Symbol trees

This is old stuff and maybe not that exciting. But still I like the subject and its been interesting to contemplate how to best design an library that handles symbols e.g. to construct a Trie.

Now symbols in common lisp has four logical values associed; an id, code, value and a property list. When interning symbols one can instead of the string consider using the identity instead that can be an address to the memory area or a position in an array of structs containing the other data. Effectively this means that the code, value and propertylist is just a pointer dereference away.

But consider the task of looking up a symbol identity from a string. The general approach is to allow for unicode characters. Also typically the number of characters used is quite small. A couple of hundreds of them is usually enough.

So what you do is to encode the strings in a tree. If everything was ascii you could have a table of pointers the size 128 for each node and quicly dive down the pointer to the nect node untill you found the unique string and have your identity.

But this is an expensive data structure. Another approach is to have a bit vector representing the ASCII values in a linked list or someting similar to python's list type. This means that you onely need a 2 uint64_t essentially or even a uin128_t. The bitvector can also be larger.

Now modern cpu's can quickly count the number of set bits.

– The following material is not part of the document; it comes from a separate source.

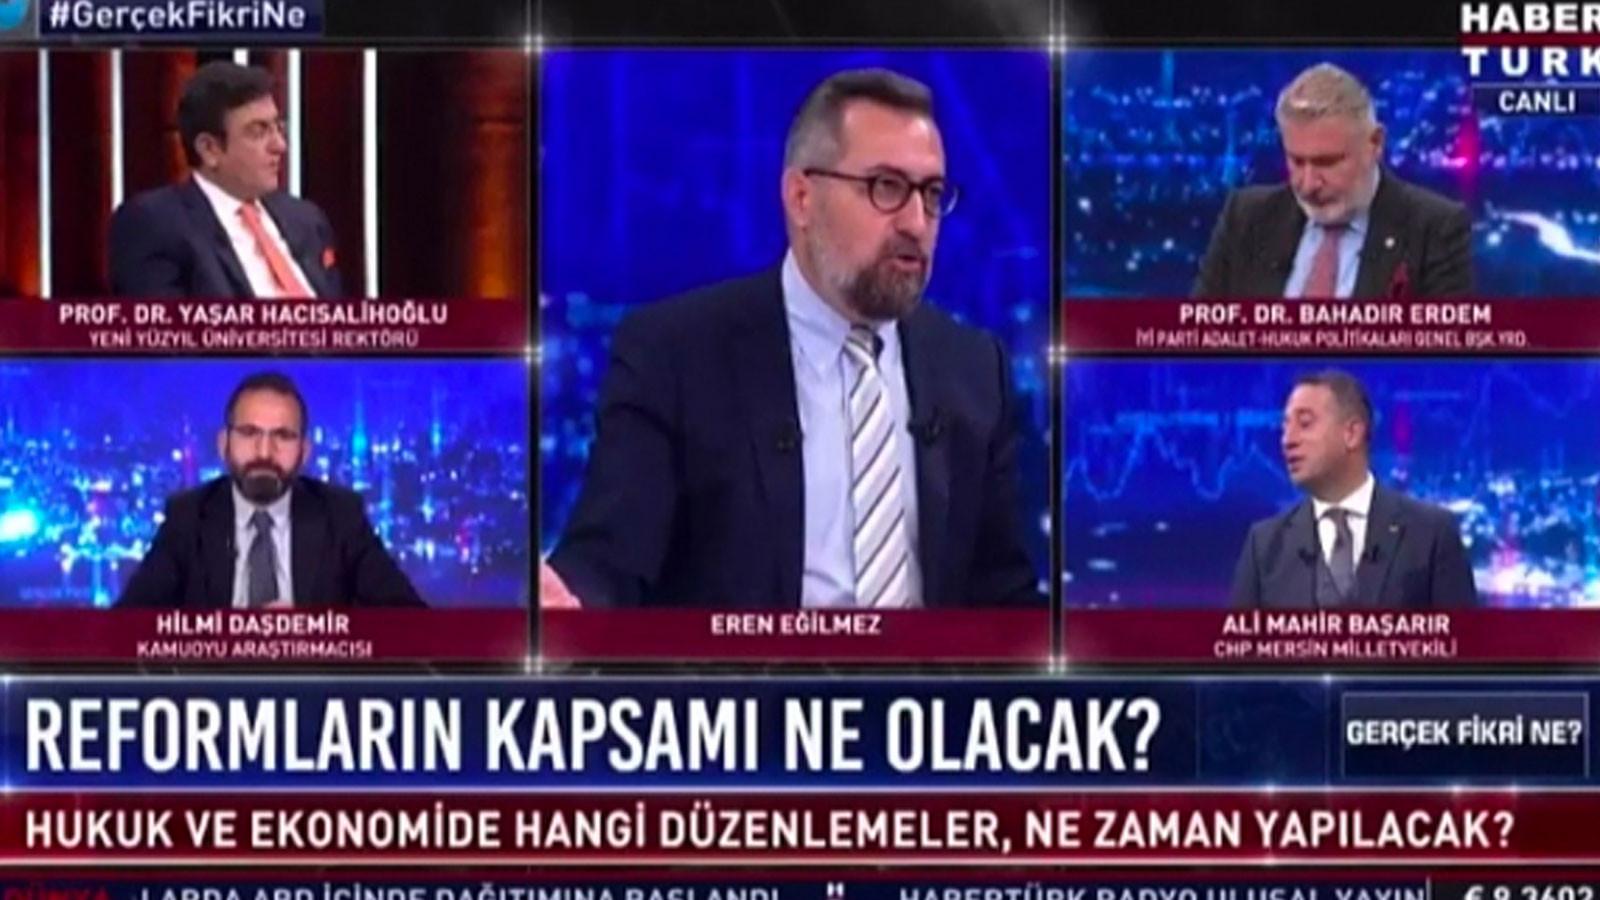 RTÜK'ten Habertürk'e büyük ceza

So the algorithm would then be to let the ASCII value be the bit vlaue and check if that bit is set or not.

If the bit is set, one then mask out the part of the bitvector below and including that bit and count the number of set bits. That will create the index in the list part and then you can lookup the next node in the tree.

If not, then you need to do the same, but now the index will be an insertion point in the list and you insert a new node into the list part of the node struct.

But not everything will fit this scheme as some characters are not ascii but a more or less random unicode value, that needs up to the order of 32 bits in general. However, we can introduce an inderaction as usually the number of characters used are quite low in many languages.

Hence for each new character that one finds, one associate the bit value to be the next bit in the bitvector and from the uint32_t unicode value we can binary search an ordered list of the current seen unicade values and from that calcualte the corresponding bit value. This can be a bit more expensive but not terrible and a simple insertion search is most likely enough and should not post a complexity problem. With the found bit index we can than continue as with ascii values only.

But we could even do better than this. We could optimize for ascii values. And let the first 128 bit's in the bitvector represent ASCII values. The simplest design however is simply, before the binary search, check if the unicode value is the same as the index in the sorted array. And then initiaty the system by feeding the ascii codes in order to the setup. This means that the common case where there there is mostly ascii letters the lookup speed is in priciple only array lookups. Swedish is a typical example of this with the alphabet mostly located in in the ASCII area.

If you want to do a system that have the same properties but for your language in stead of ascii one can note that usually your alphabet is located in a range \([i,j]\) in the unicode space and it is trivial to make a very fast mathematical transform back of the unicode space by placing that intervall first.

Another possible transformation is to calculate a hash value of the string and compress it byte by byte in such a tree and make sure that the probability of a clash is minimal. This automatically gives you a quite balanced tree, although.

Other possibilities is to change the order of the letter in the word.

Note that one can use a Patricia Trie and make sure that all nodes are a branch.

Consider the case of a binary tree. We need then in a branching node two addresses and a character value per branch and a type of the the node like, is it a leaf or is it a branch. This means essentially 3*8 bytes per node and the number of nodes is typically something like O(log2(N)), with N the number of distingt strings. The worst case is however terrible order O(N). Doing a hash before the insertion makes the worst case very ulikely.

This is a dense section, I will expand and explain mare later.

Consider the case where we use 64 bits instead for a bitvector, then each binary node will have 48 and we loose memory. But however if the first node fills the whole bit vector, then that one will use essentially 28 bytes per branch which is better than the tree and also there will be a quite fast fan out, at least in the top of the tree. We can also mix the two approaches. finally English can allow a bit vector with a extra bit for big or small letters and allow for some common punctuation letters like " , . : ; ! ? and compress everything in the first 64 bít together with the letter code. Finally we could note that the number of words usually is less than 16000 and use a 2 byte index into a node list in stead of pointers. This means that basically the once can fit a binary branch in 1 + 2*2 bytes at best if we allow for some inneficiend handling that is associated with packed data. The best bitwise memory overheas seam to be in the order of say 1 + 4 + 2. And hence both variants if we keep the smallest granularity of 4 bytes. But with much much higher fan out potential.

The next step is to code examples and study performance.